Un roi peu « communicant »

Le fait que le roi soit très réservé en public amplifie ses difficultés à gouverner et renforce les incompréhensions entre le roi et les parlements. En effet, à des parlementaires qui aiment les discussions, il répond de façon très laconique : « Je veux être obéi », « Je réfléchirai à vos propositions ». La dernière réponse indigne souvent les magistrats qui pensent qu'en fait il demandera à ses ministres d'examiner la situation. Tout cela crée chez les parlementaires et au-delà l'idée que le roi ne s'occupe pas des affaires sérieuses du pays[268].

D'une façon générale, le roi ne sait guère faire valoir ses succès, il est bien trop réservé en public, de sorte que le public ne va bientôt connaître de lui que ce que disent des libelles qui colportent « ragots calomnieux, contes salaces » en les présentant « comme des nouvelles sûres ou comme les mémoires authentiques de personnages importants »[269]. Ces écrits ont d'autant plus d'influence que personne ne les dément. En effet, depuis l'expulsion des jésuites, les dévots ne le soutiennent plus guère et ne cherchent donc pas à contredire ces écrits[269].

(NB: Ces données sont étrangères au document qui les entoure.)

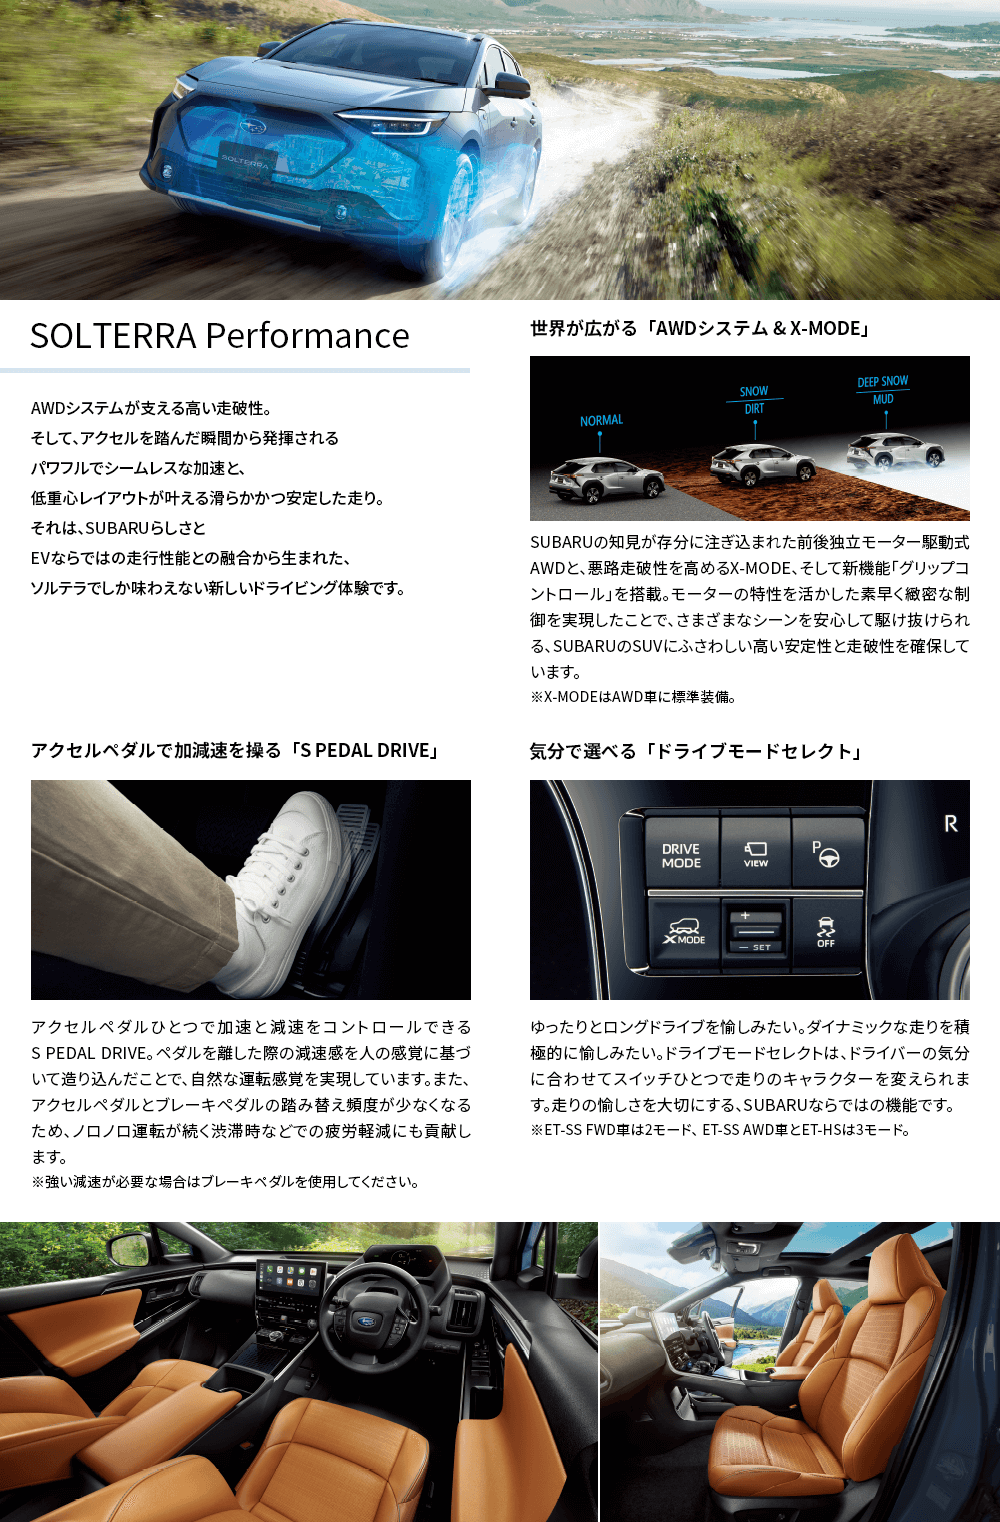 SOLTERRA Performance アクセルペダルで加減速を操る「S PEDAL DRIVE」 気分で選べる「ドライブモードセレクト」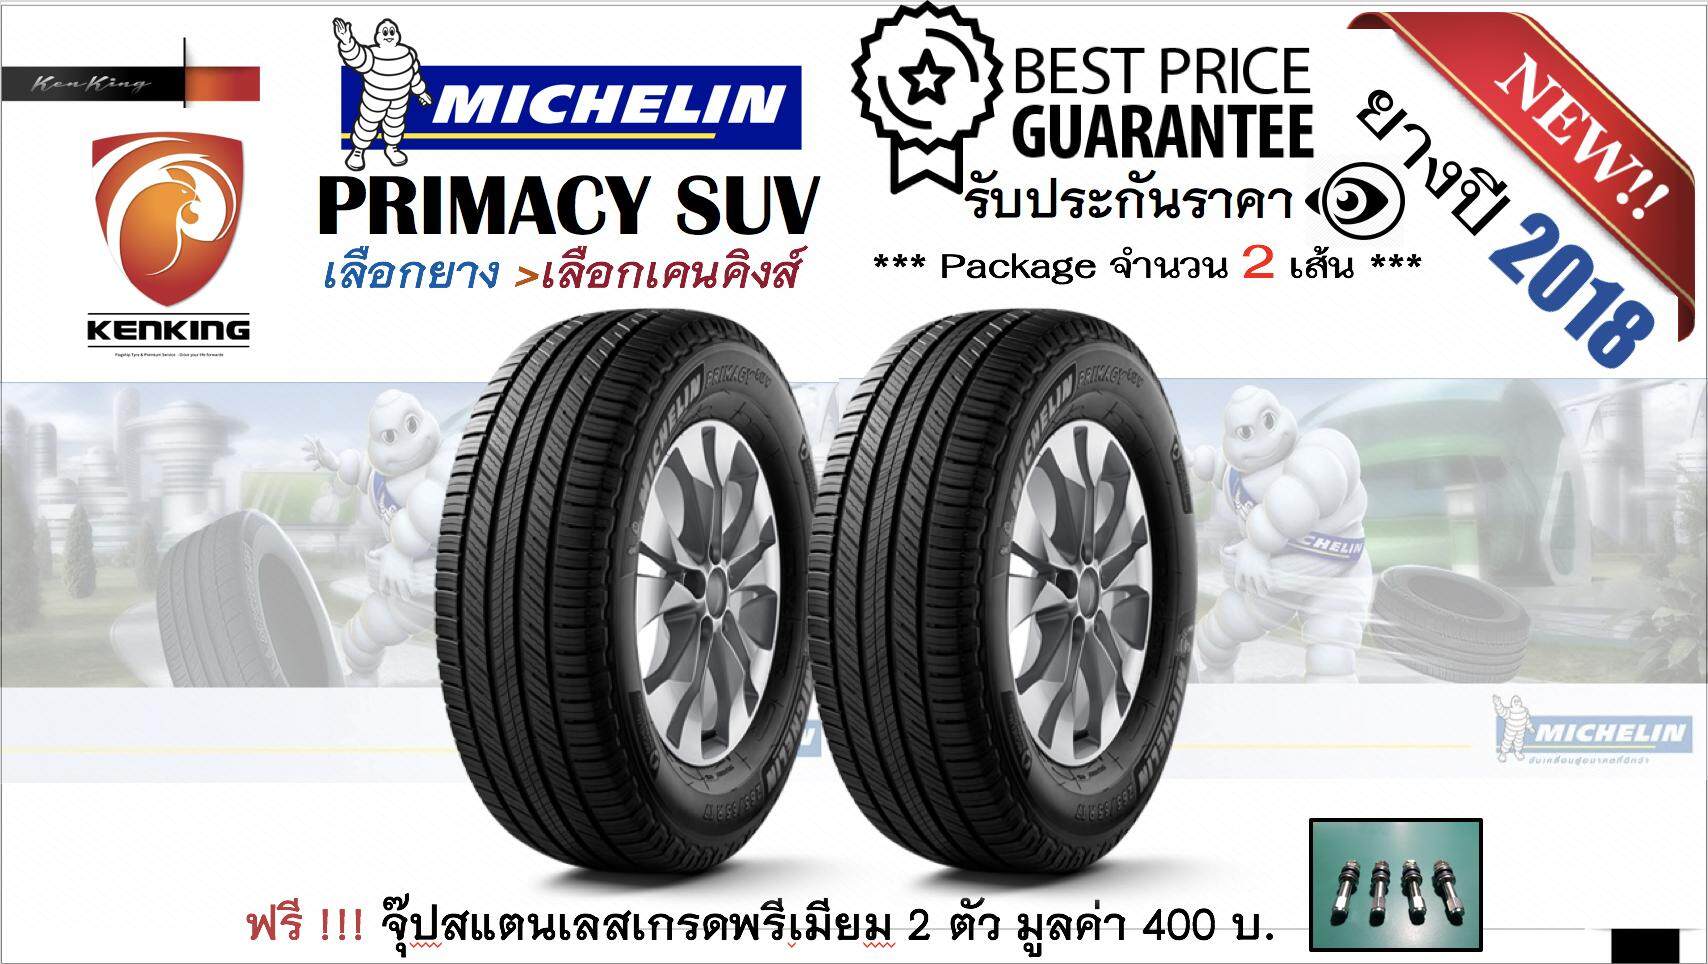 ประกันภัย รถยนต์ 2+ โคราชกรุงเทพมหานคร ยางรถยนต์ขอบ 16 Michelin มิชลิน NEW  ปี 2019    265/70 R16 Primacy SUV (จำนวน 2 เส้น) ฟรี    จุ๊ปสแตนเลสเกรด Premium มูลค่า 400 บาท

De roi « bien-aimé » à « mal-aimé »

Dessin par Edmé Bouchardon pour la statue du Roi sur la Place Louis XV.

Durant une grande partie de son règne, Louis XV est considéré comme un héros national. Selon Kenneth N. Jassie et Jeffrey Merrick, à cette époque dans les chansons et les poèmes le roi était décrit comme le maître, le chrétien. Ses erreurs étaient attribuées à sa jeunesse et à ses conseillers[270]. La statue équestre d’Edmé Bouchardon fut originellement conçue pour célébrer le rôle du monarque dans la guerre victorieuse de la succession d’Autriche. Elle représentait le roi en faiseur de paix. Elle ne fut dévoilée qu’en après sa défaite dans la guerre de Sept Ans. L’œuvre de Bouchardon achevée par Jean-Baptiste Pigalle est alors utilisée par la couronne pour restaurer la confiance dans la monarchie[271]. Son piédestal est soutenu par les statues des quatre Vertus. Peu de temps après l'inauguration, on trouve sur le piédestal un distique, tracé d'une main inconnue, qui témoigne de l’impopularité du roi : « Grotesque monument / Infâme piédestal / Les vertus sont à pied / Le vice est à cheval. » Autre version : « Ah ! la belle statue, ah ! le beau piédestal, / Les vertus sont à pied et le vice à cheval[272]. »

C’est qu’à cette époque Louis XV devient le « mal-aimé » notamment à cause de ses choix dans sa vie privée (ses nombreuses maîtresses). Pour Emmanuel Le Roy Ladurie, de l’École des Annales, si le roi est bel homme, intelligent et athlétique, son refus d’aller à la messe et de satisfaire à ses obligations religieuses contribue à désacraliser la monarchie[273]. Selon Jassie and Merrick, peu à peu la confiance dans le roi s’est érodée, et le peuple blâme et ridiculise sa débauche. Il est perçu comme celui qui ignore les famines et les crises, et laisse à son successeur un fond de mécontentement populaire[270].

Louis XV et les arts

Selon Michel Antoine[274], le règne de Louis XV constitue un des apogées de l'architecture française et « l'âge d'or des arts décoratifs ». De par ses commandes propres et par celles des nobles et des financiers, il a contribué à soutenir l'activité des ébénistes, des peintres, des sculpteurs, des céramistes et d'autres spécialistes de la décoration et des arts. Le développement de ces secteurs d'activité a aussi été stimulé par ses dons à des monarques étrangers qui ont beaucoup contribué à l'influence artistique française[275].

Un roi qui aime les arts

Si le roi aime la peinture décorative, c'est toutefois surtout l'architecture qui le passionne[276]. Il aime particulièrement travailler avec l'architecte Ange-Jacques Gabriel. Parler d’architecture est d'ailleurs selon Michel Antoine[277] « une manière adroite de lui faire la cour ». Le roi est doté d'un goût sûr et a le « souci de la justesse des couleurs, de l'harmonie des tons et des formes, du raffinement »[278]. Il aime le beau et l'élégant, ce que les artistes et artisans qui travaillent pour lui savent.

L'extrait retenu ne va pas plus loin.